Begin at the line below that has "seminarhotel tagungshotel in". Stop after the line that has "One Caribbean TV", repeating each line exactly and leaving out the pictures.

** RECORDED INFORMATION follows **

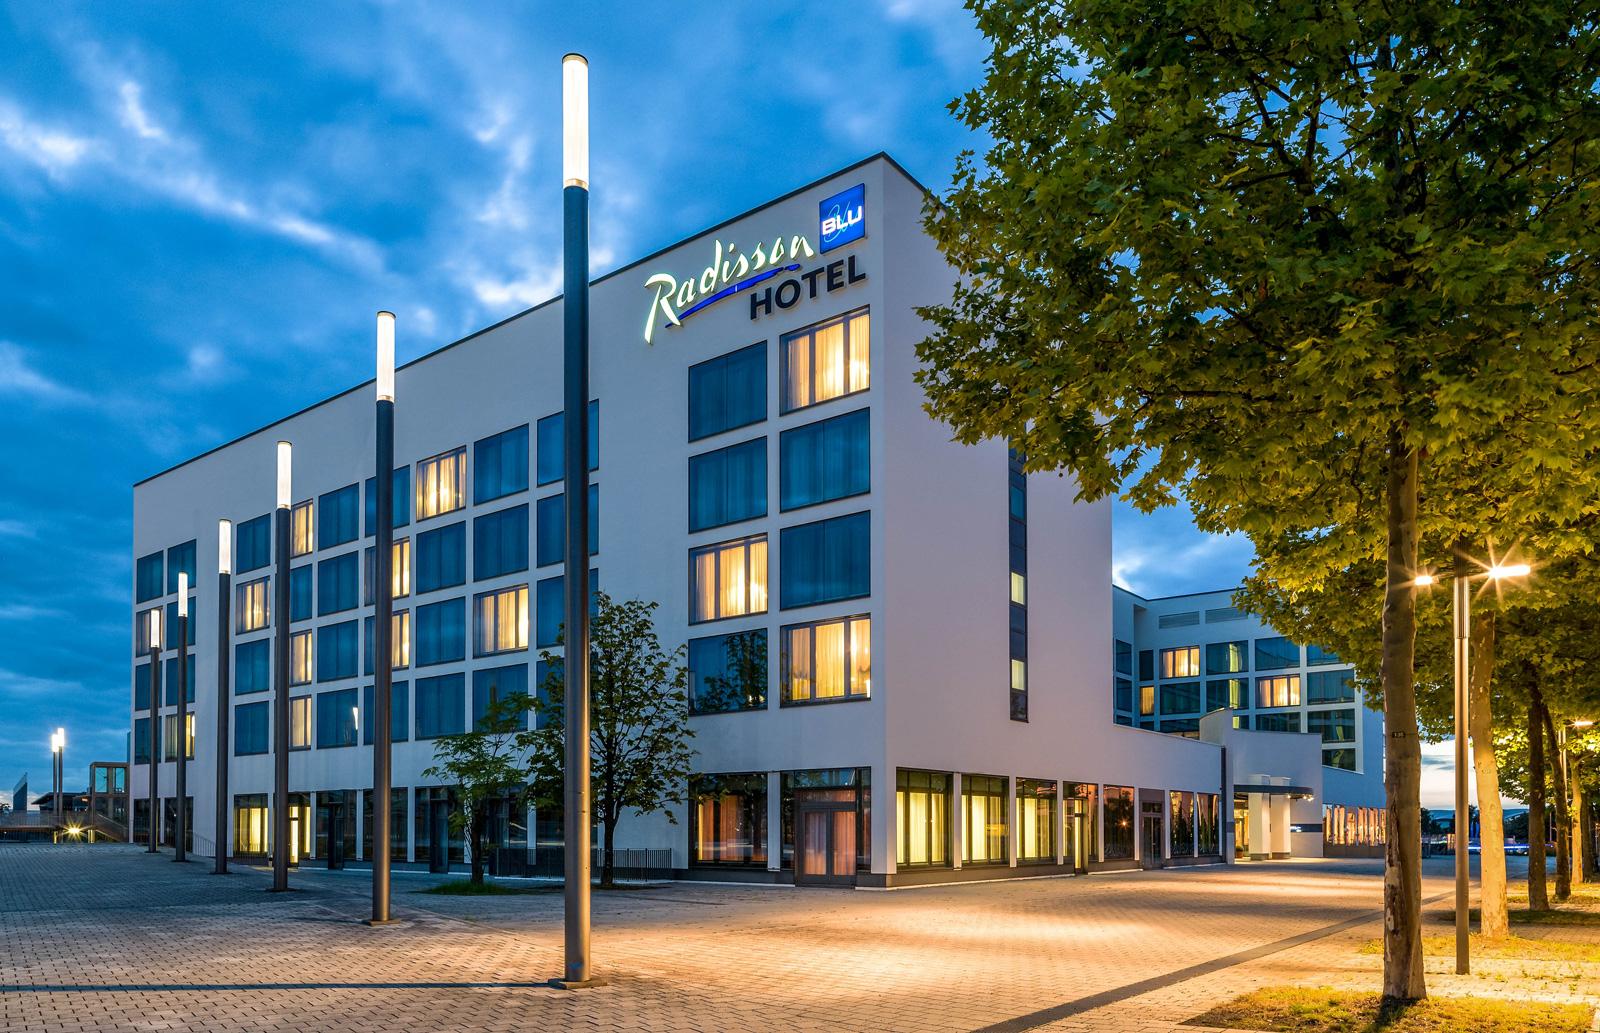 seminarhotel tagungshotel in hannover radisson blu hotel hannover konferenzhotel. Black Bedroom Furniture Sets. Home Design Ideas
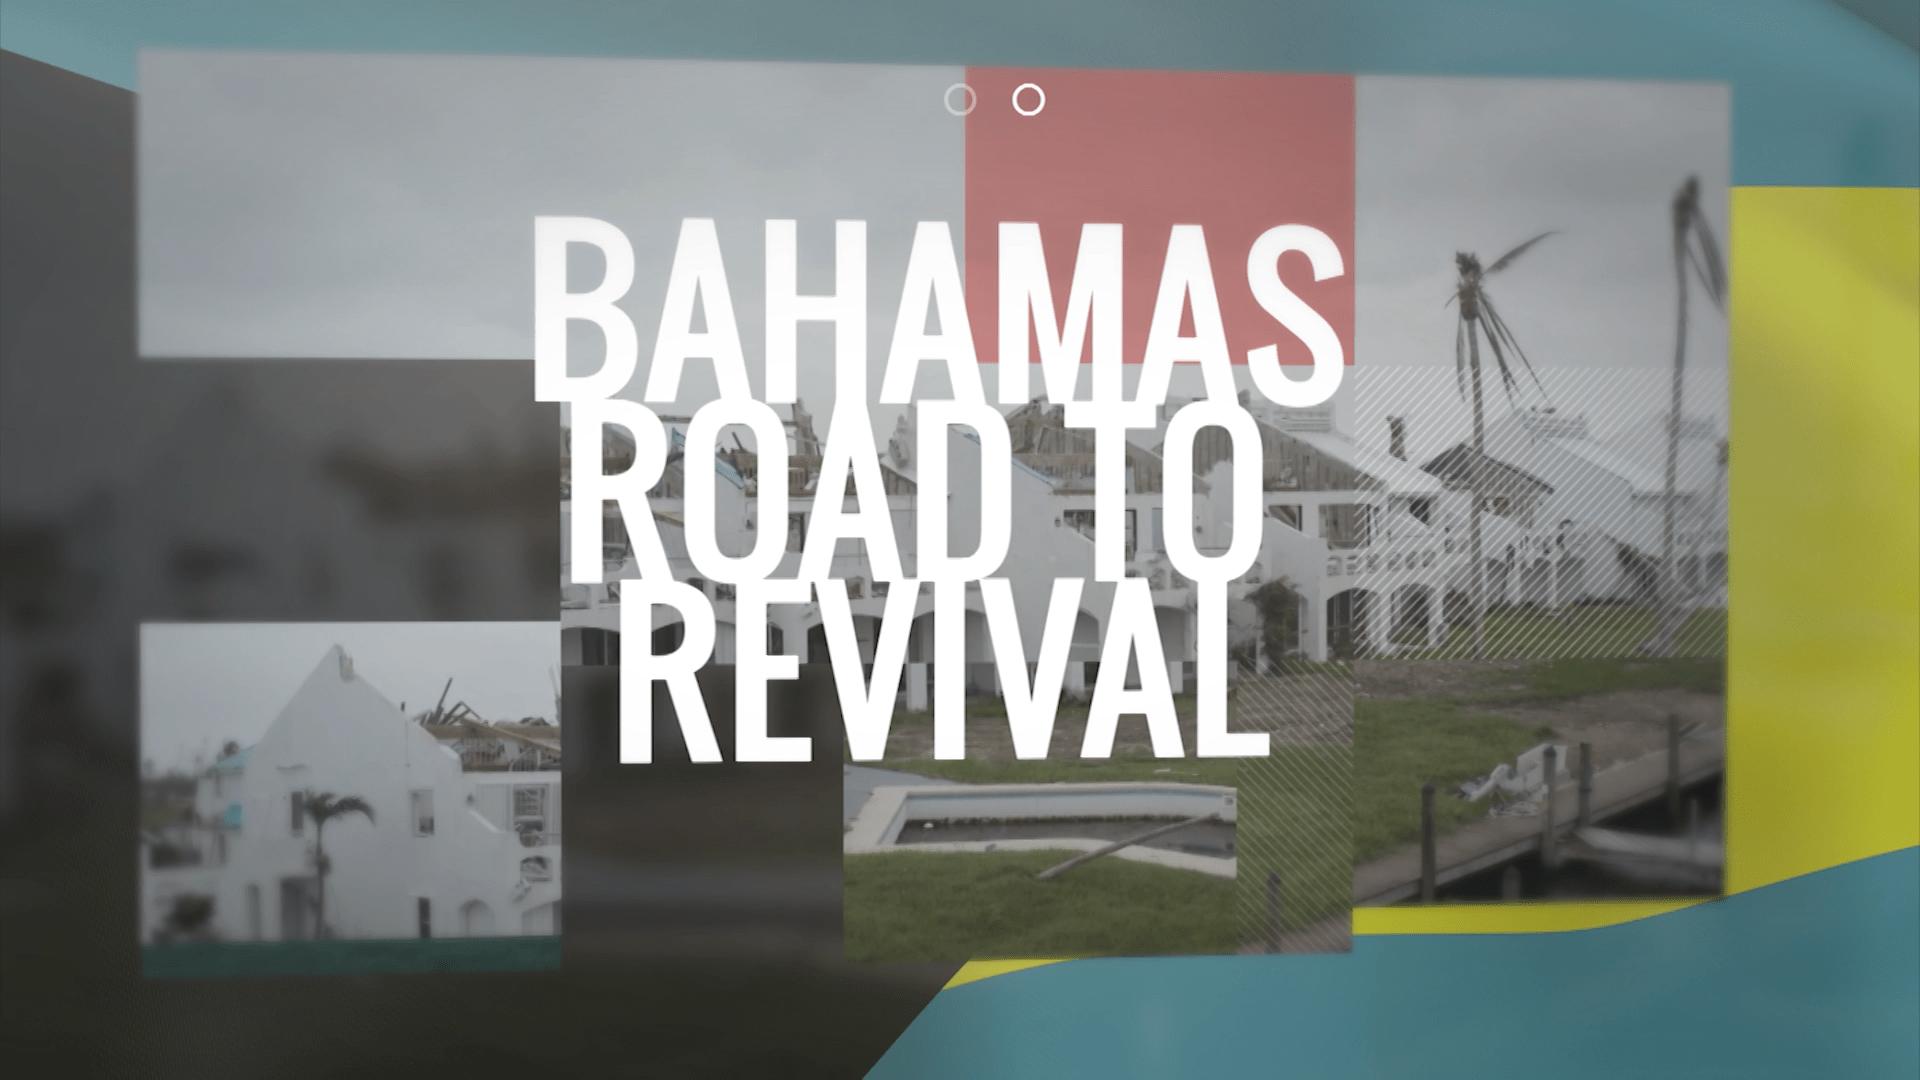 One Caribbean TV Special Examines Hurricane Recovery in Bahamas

** End of RECORDED INFORMATION **
** RECORDED INFORMATION follows **

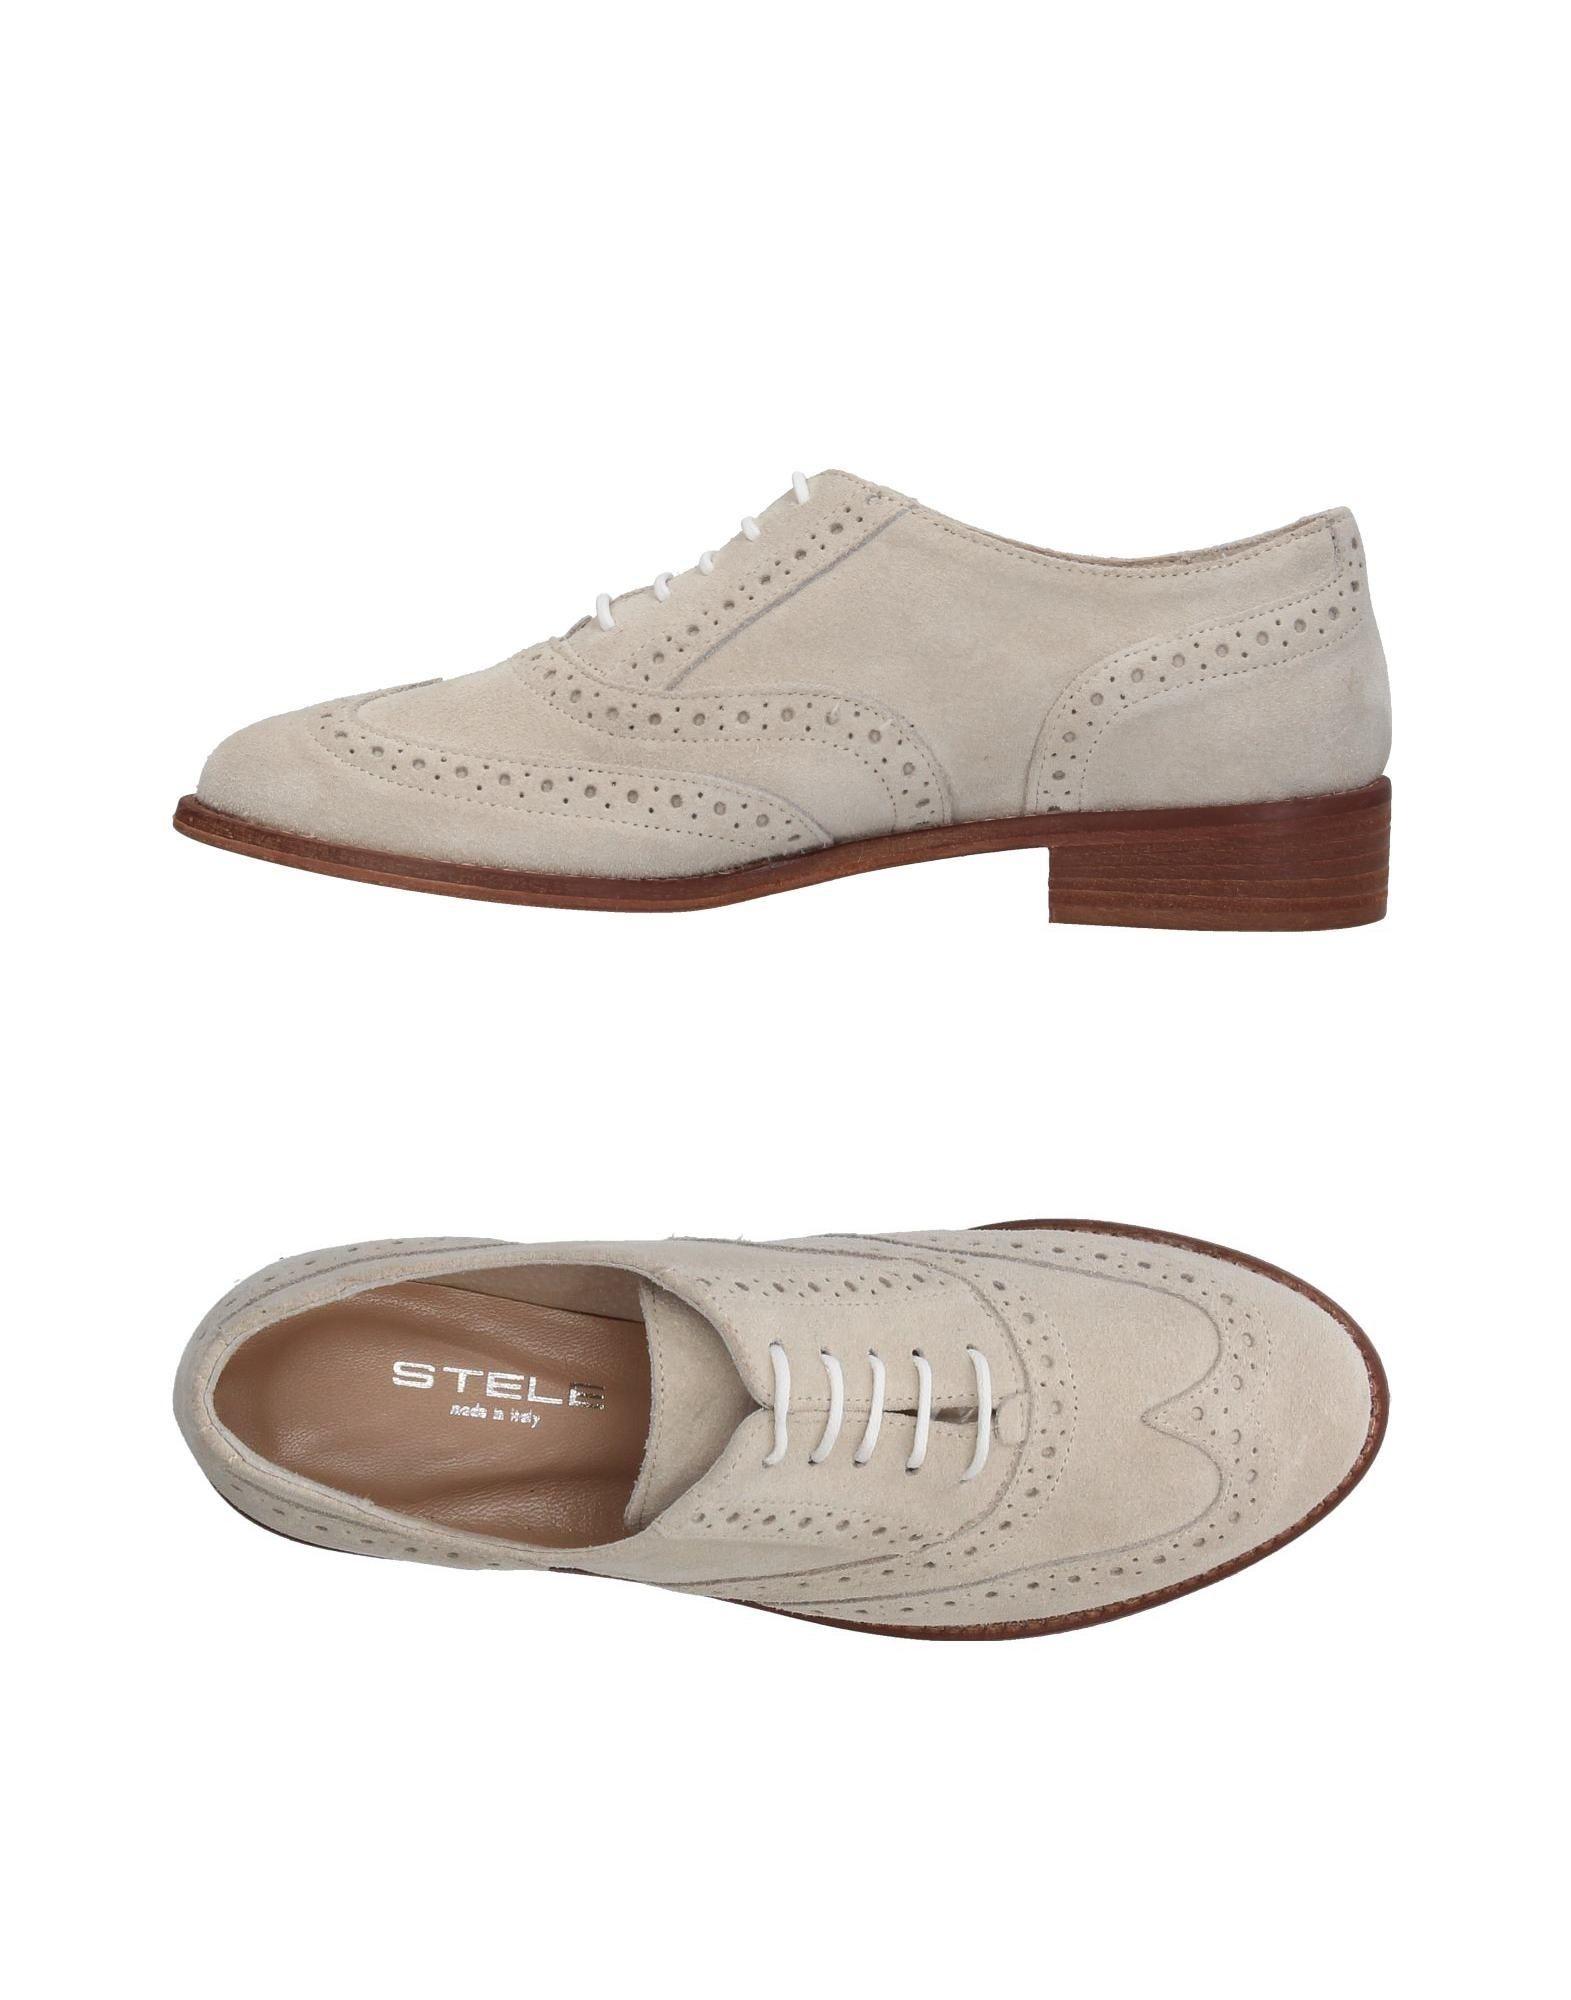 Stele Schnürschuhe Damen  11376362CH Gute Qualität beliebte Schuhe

** End of RECORDED INFORMATION **

§ OUTPUT BELOW:
 seminarhotel tagungshotel in hannover radisson blu hotel hannover konferenzhotel. Black Bedroom Furniture Sets. Home Design Ideas
 One Caribbean TV Special Examines Hurricane Recovery in Bahamas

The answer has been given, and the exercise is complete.